** What is needed **
In the listing, locate the line containing "Replacement fiberglass sheets (15 pieces)", then quote it and all following lines exactly. Omit pictures.

** Data provided **

◆ ◆ ◆ ◆

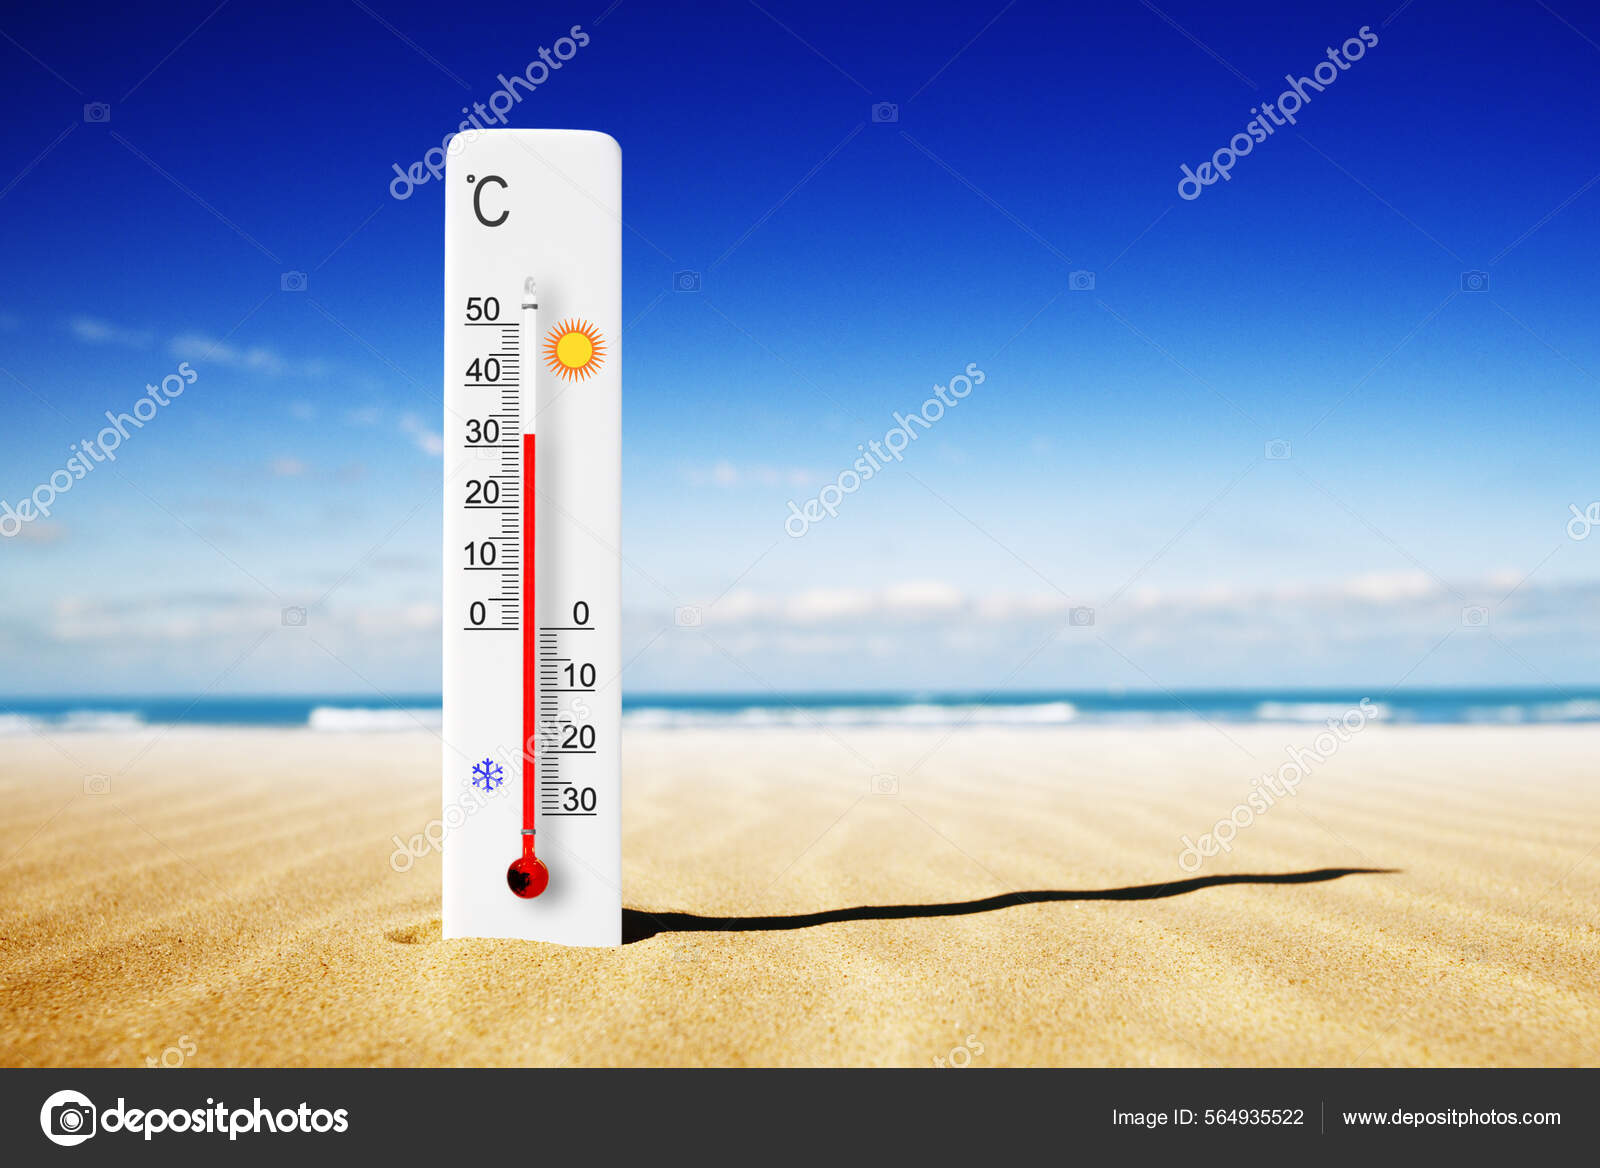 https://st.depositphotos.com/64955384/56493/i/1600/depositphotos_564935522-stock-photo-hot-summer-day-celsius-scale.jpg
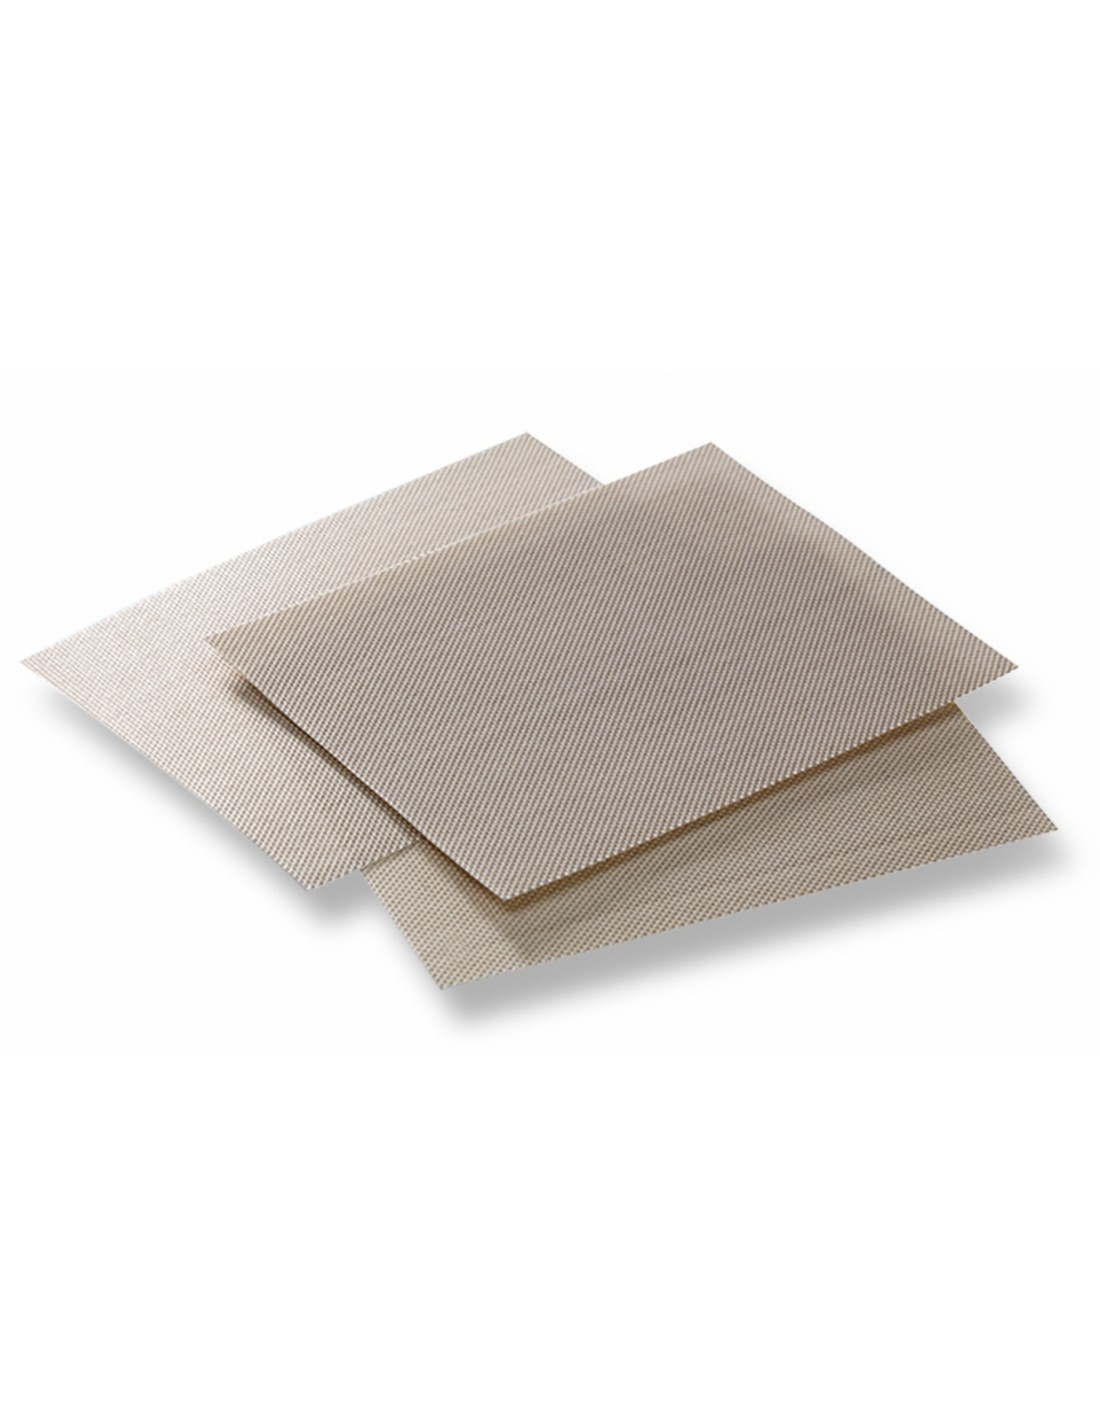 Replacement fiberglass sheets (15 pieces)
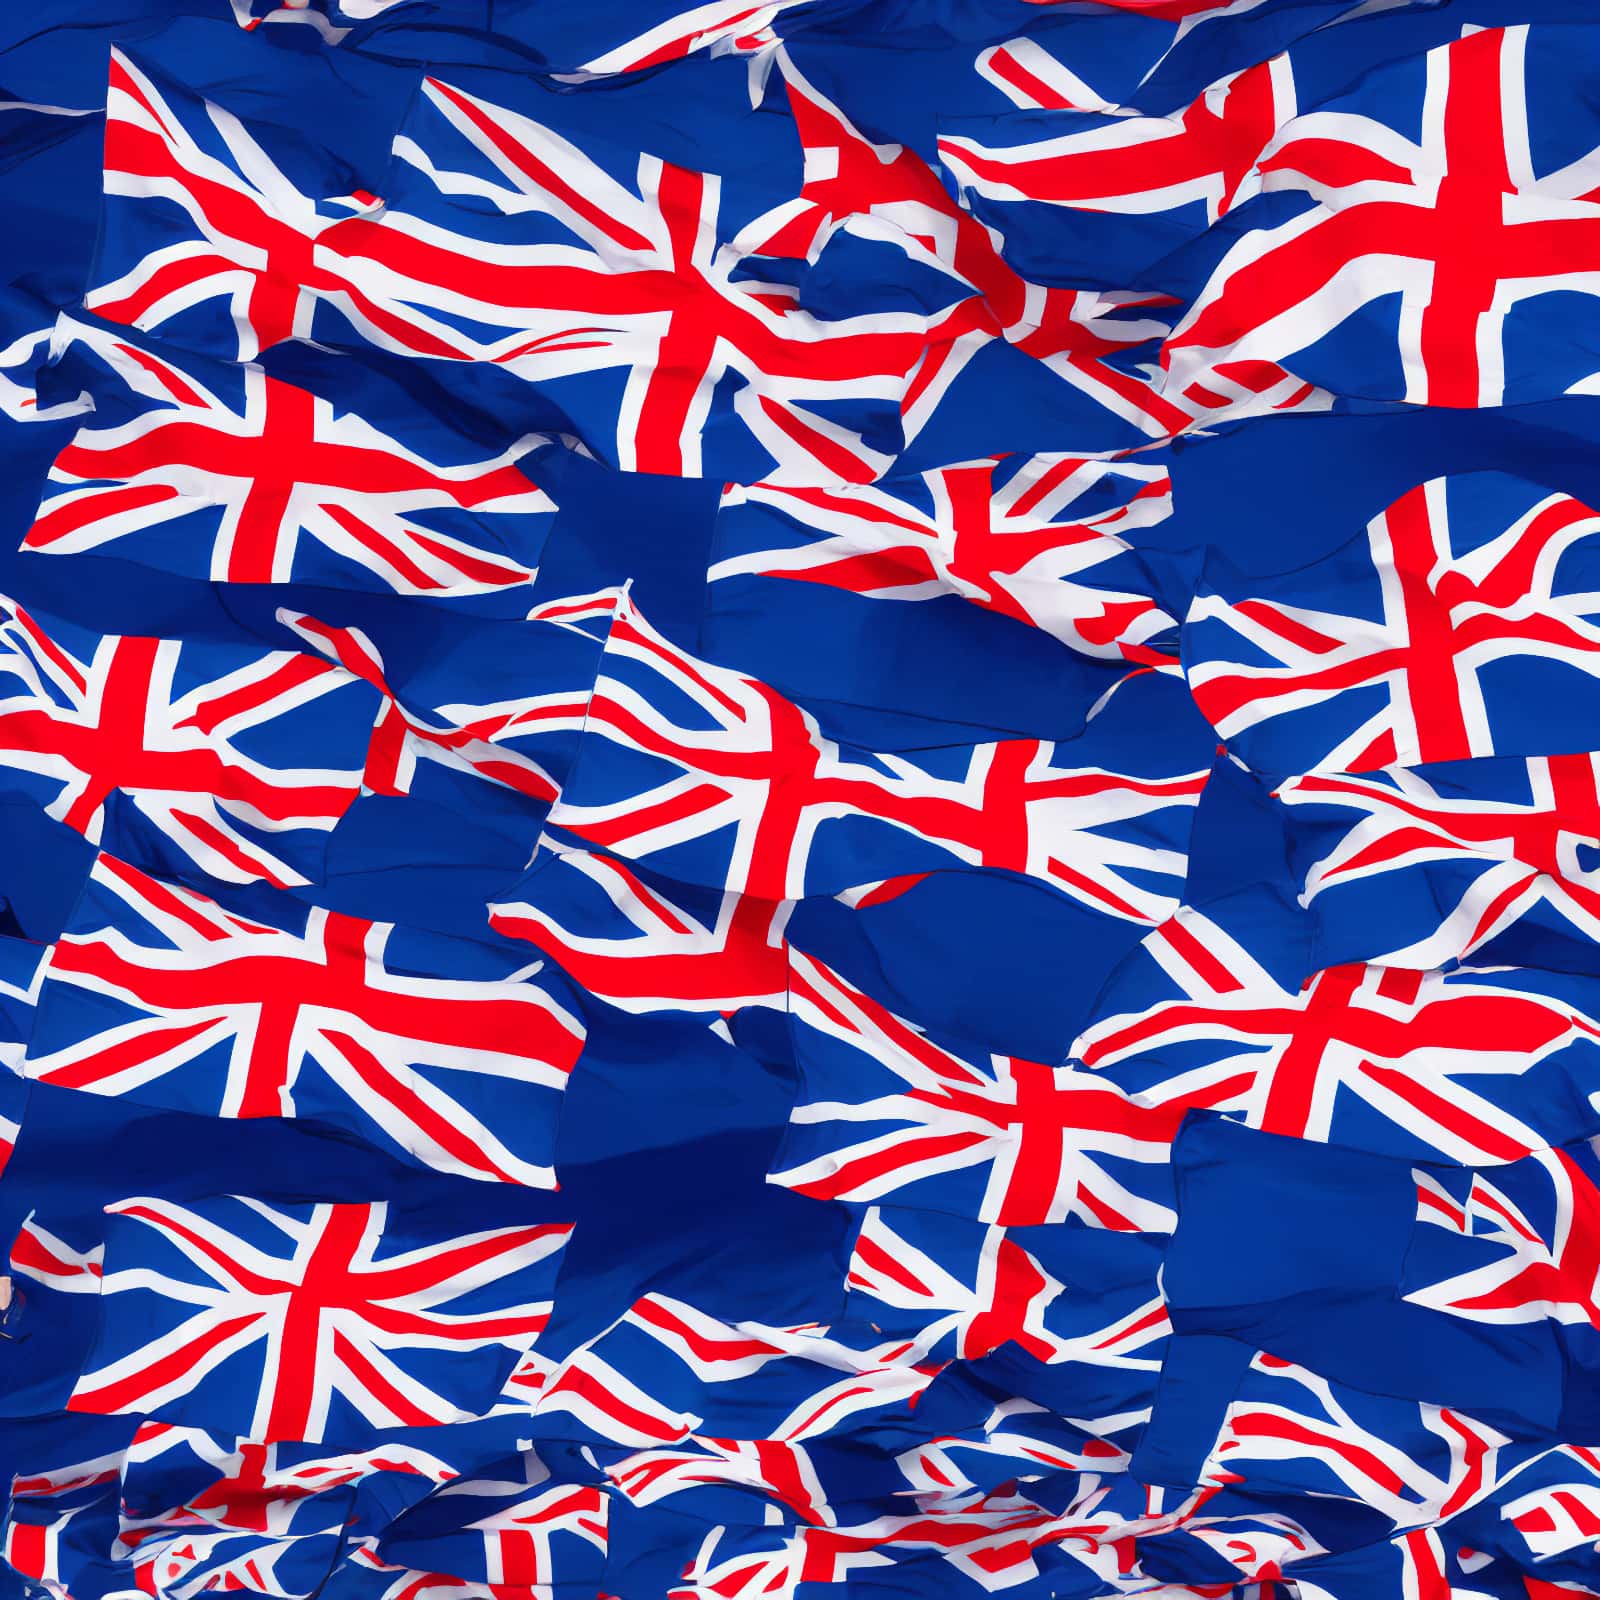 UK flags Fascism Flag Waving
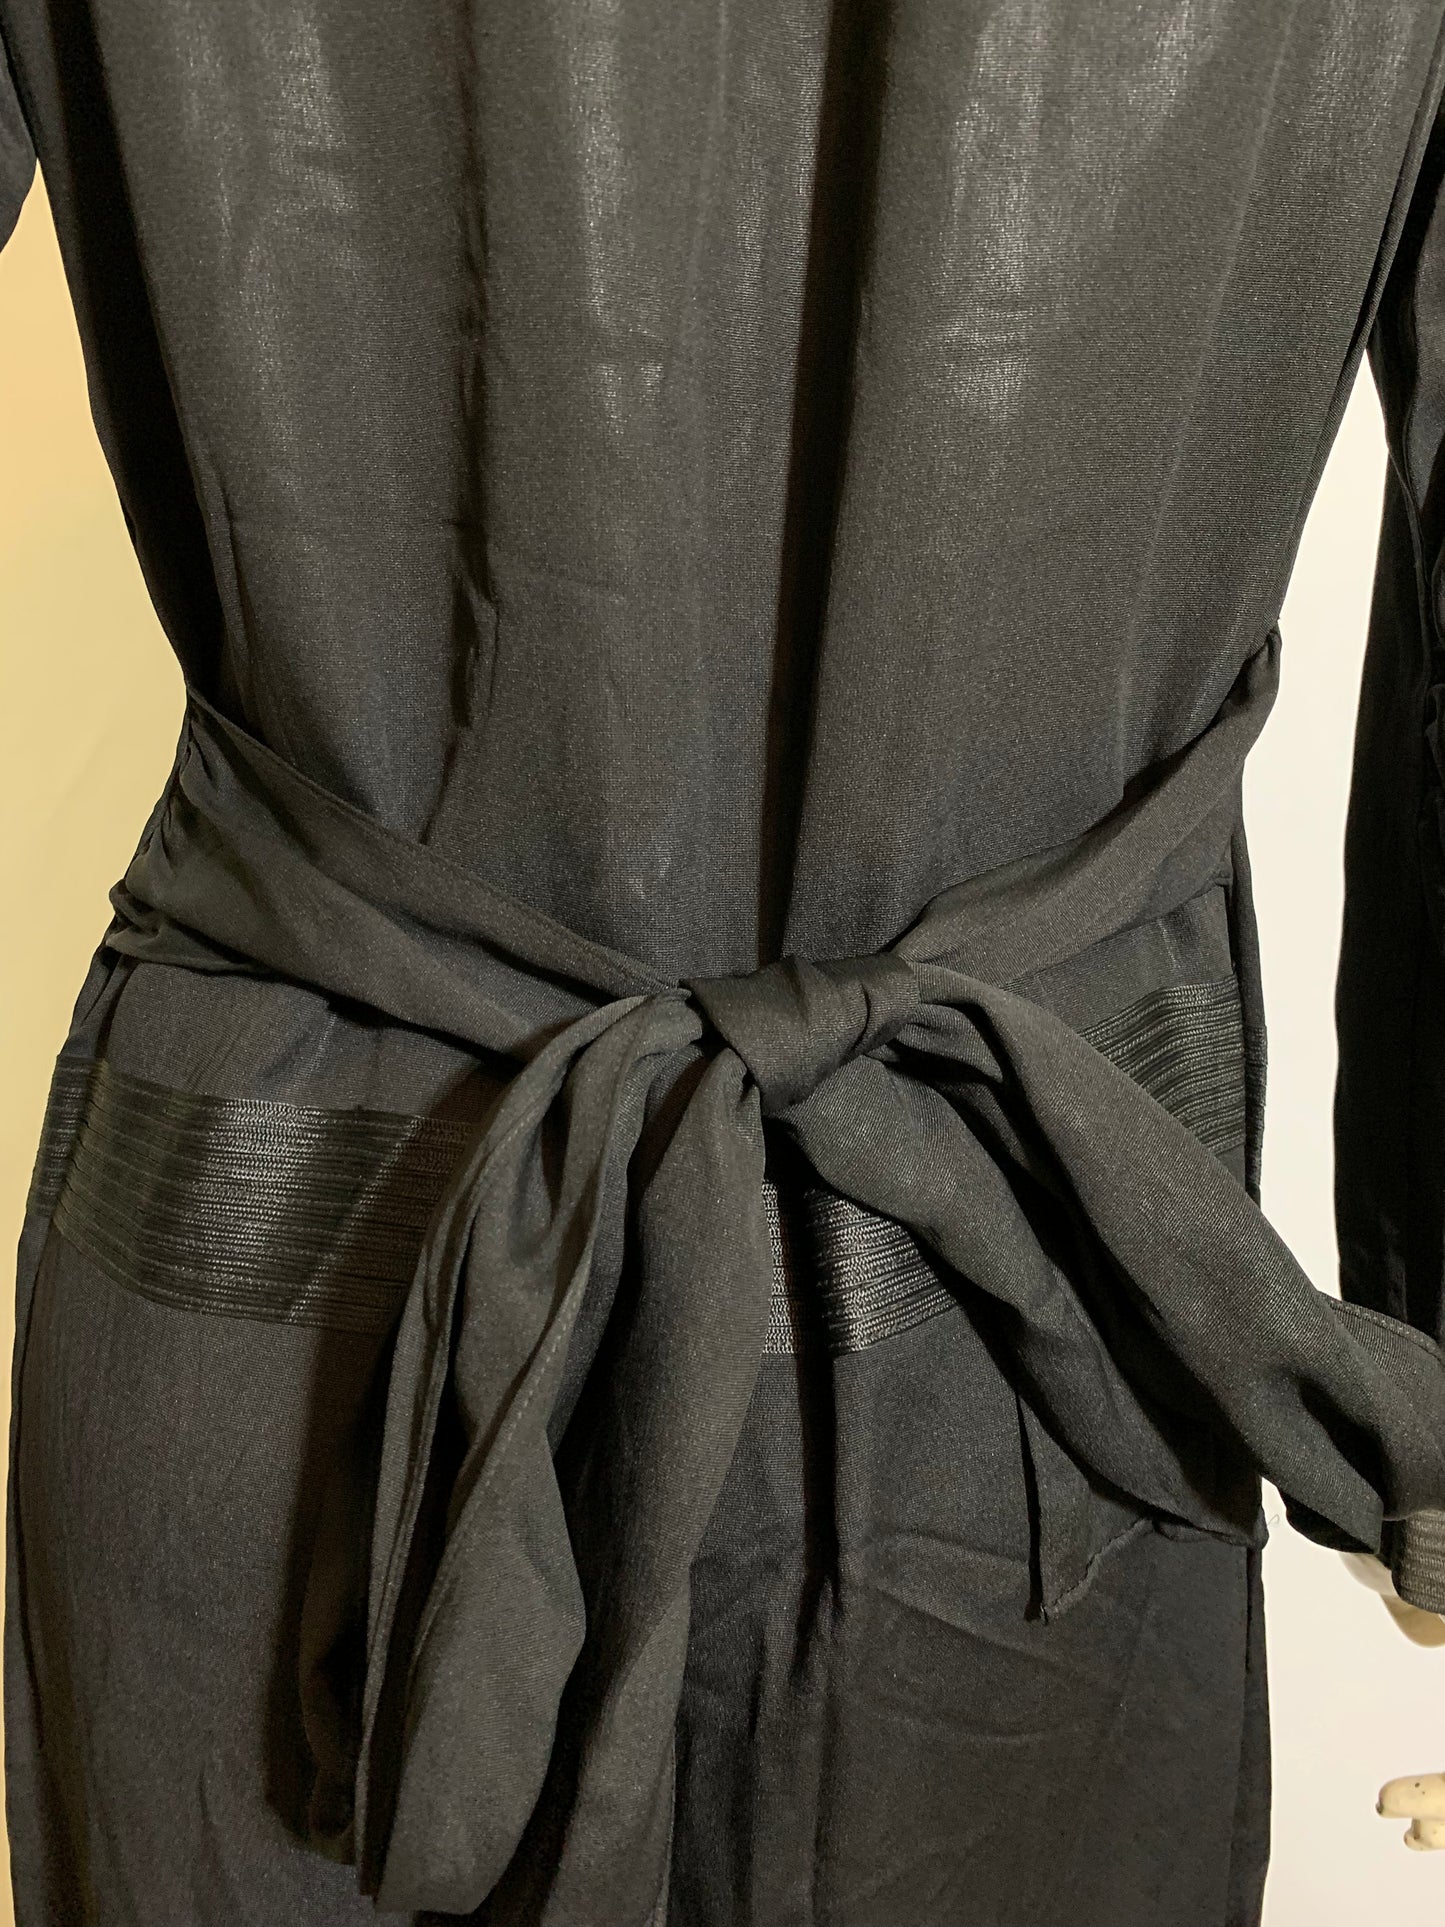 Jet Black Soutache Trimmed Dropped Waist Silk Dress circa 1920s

◆ ◆ ◆ ◆

** Answer to the problem **
 Replacement fiberglass sheets (15 pieces)
 UK flags Fascism Flag Waving
 Jet Black Soutache Trimmed Dropped Waist Silk Dress circa 1920s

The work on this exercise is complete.